Do you ever wish that God didn't trust you so much?

I used to sing a song called "I Could Runaway," and as I was sitting in my room alone, crying myself to some sort of a nap, I couldn't help but sing this song once again.

I could runaway, You will never leave, You will always stay, right by my side.  Everything I ever wanted I found in You; and I need You, every step of the way.
Forgive me for being a little negative, but I feel like I'm losing my ground.  And sometimes I think, "What's the point?"  WIll you pray for me that I will continue on this journey.  If I let you down, if I break your heart, if I don't meet expectations, I'm sorry.  But remember...don't hold me on a pedestal.  I'm only human.

G

Thursday, May 27, 2010

This Brokenness Inside Me Might Start Healing...


It's crazy how in one second your life can change.  Whether it be a move of stepping forward, a move of stepping backwards, or sometimes just steps back and forth.  Often it can be the most random step, and you ask yourself, "What was I thinking?!"

I feel like I've been doing a sort of waltz in my life the last couple of months; doing things which I normally never would, and not in a good way.  Is this a part of growing up?  Because if it is I wish it hurt less.

Our lives are defined by our actions, and in my own life I have been pretty predictable.  But as of late, I feel like I've been a little lost.  An amazing friend of mine just told me to stop putting everything on my shoulders and to start putting things in the light.  Heck, if we put things in light from the very beginning, things wouldn't be drawn out and even made into a bigger deal.  But our flesh, our confusion and mostly our pride cause us to hide things which may cause others to feel different about us.  No one wants their reputation dragged through the mud, no one wants their lives to be yelled from rooftops.  But unfortunately it has to happen.  And you get to that place where you wis you could've gone back to the predictable person that is YOU.  
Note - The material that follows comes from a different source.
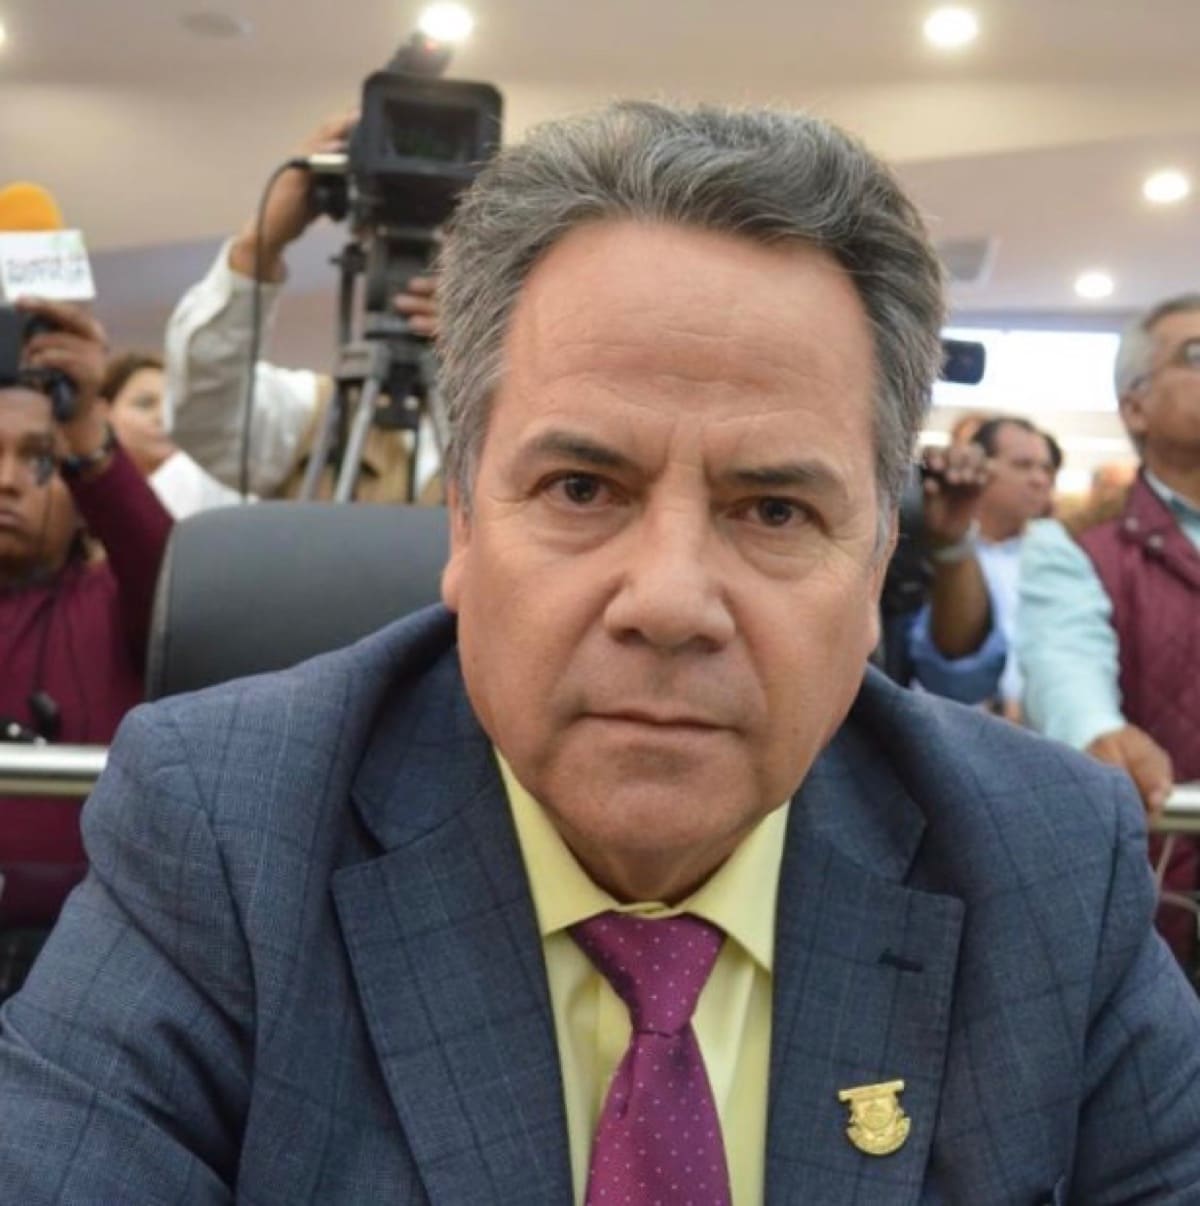 Piden al congreso reasignación presupuestal de 500 mdp: Ramiro Ruíz

I pray if this has happened to you, that you would allow God to heal you.  That your sins, lies, hopes, dreams would not be hidden because you are scared of what others might think.  Yes, we are called to live a life set apart; unfortunately we ourselves fall down.  It may happen continually, or this could be the first time.  Whether it's your first of many, or your first and your very last; I pray that God will rescue you.

Our brokenness can only be healed and restored once circumstances have light shed upon then.  So I challenge you, as I have been challenged, to give it over to God.  He won't let you go, I PROMISE!